Todo cambia cuando en tu esquema mental, en ese frágil santuario de certezas y dudas razonables que has construido a lo largo de los años entra, sin quererlo, sin llamar a la puerta, un día cualquiera, otra persona.
Es como un abrir y cerrar de ojos: cuando querés darte cuenta, allí está sentada, entre tu concepción del universo y tu metodología para ordenar por colores los calzoncillos.
Y vos la observás, mientras toma un café con magdalenas.
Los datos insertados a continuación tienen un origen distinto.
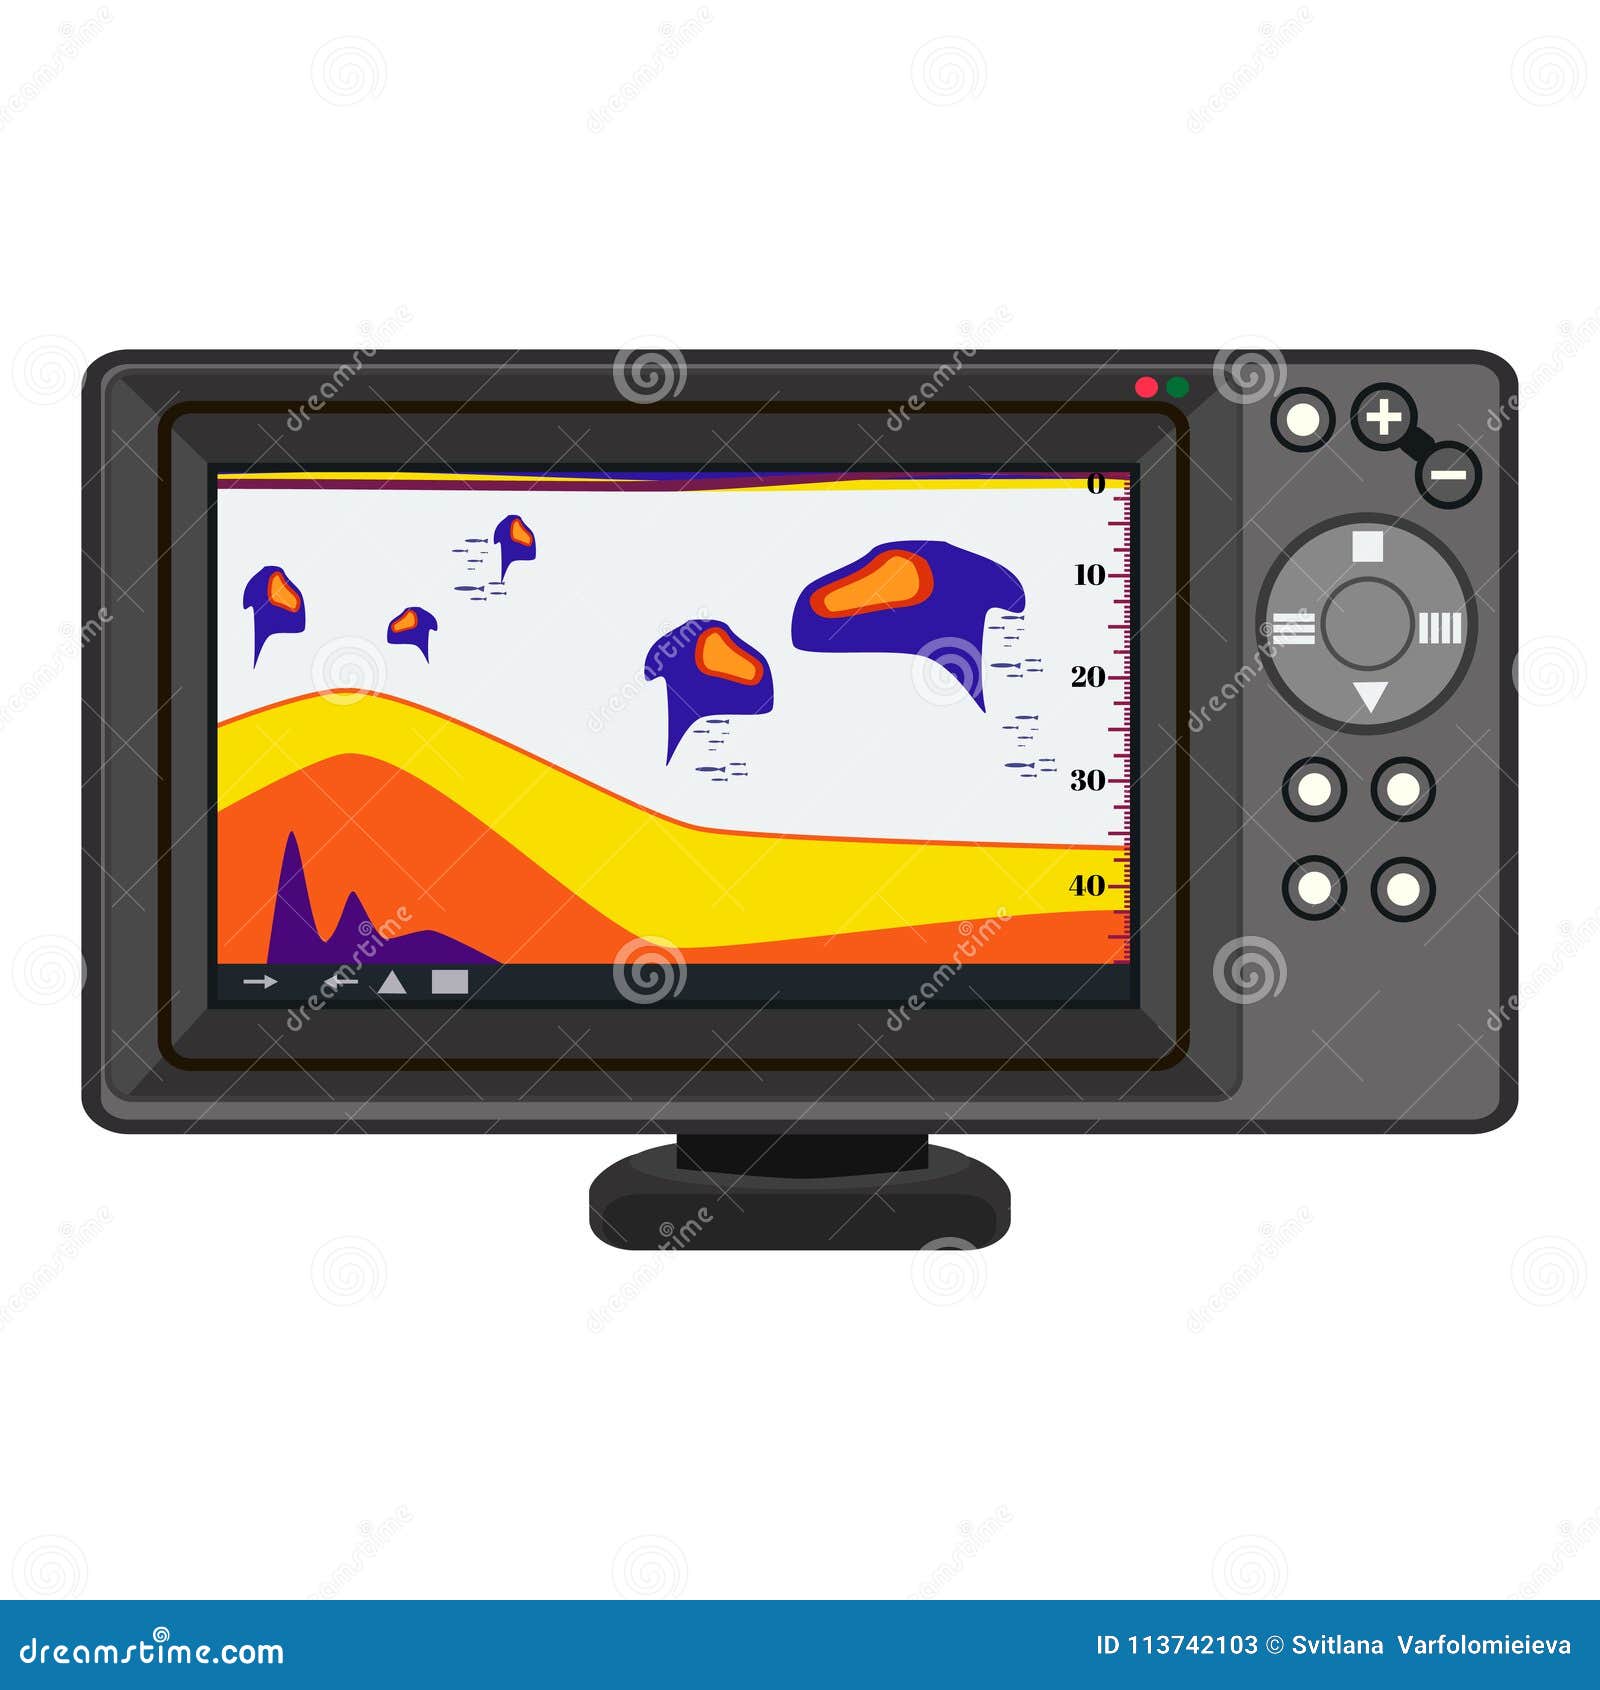 https://thumbs.dreamstime.com/z/fish-finder-echo-sounder-vector-illustration-electronic-equipment-fishing-isolated-white-background-113742103.jpg

Y te apresurás a hacer hueco y apartar todo lo que podría resultar problemático: ideologías políticas, retratos de la comunión, opiniones radicales sobre sociedad, filosofía, la paz mundial; y también la colección completa discos de Techno que te gusta sólo a vos.
No sé, por si acaso.
Ella te acariciará el hombro con gesto agradecido.
Y colocará junto al cepillo azul de dientes, que es el tuyo, otro de color verde manzana.
Te lo adelanto: siempre los confundirás.
Las mudanzas son complejas. Exigen coordinación y capacidad de maniobra. Actitud proactiva, carácter emprendedor, corazón inasequible al desaliento.
Porque el camión ya ha aparcado frente a la puerta. Y un tipo que se llamará Juan o Vladimir les preguntará, entre resoplidos, dónde hay que dejar la identidad personal, las convicciones sociológicas -son cuatro cajas- y el juego completo de té.
Todo ahí, todo ahí, vas a decir, ya lo iremos organizando luego.
Pagarás a Walter lo acordado y brindarás con vino blanco.
Esa misma noche, embriagados por el feliz desorden, harán el amor hasta el amanecer.
Brindarán otra vez.
Y día siguiente, con la fresca y un gazpacho, toca poner orden en el desaguisado.
Nada encaja, al principio.
Pero más tarde ambos comprenderán que el anarquismo asilvestrado no tiene porqué ser incompatible con el individualismo beligerante. Que las pirulas también sientan bien al compás de un Nocturno. Que la necesidad de que todo esté siempre ordenado y la tendencia a dejar colgado el sujetador del perchero da lugar a entrañables escenas de comedia de situación.
Que el jodido esquema mental, todo lo que hace que uno sea uno mismo, ese frágil santuario de certezas y dudas razonables también puede ser compartido.
Hasta que un buen día, un día cualquiera, llame a la puerta, acaso por azar, sin quererlo, otra persona.
Ya sabés: otra puta persona de mierda.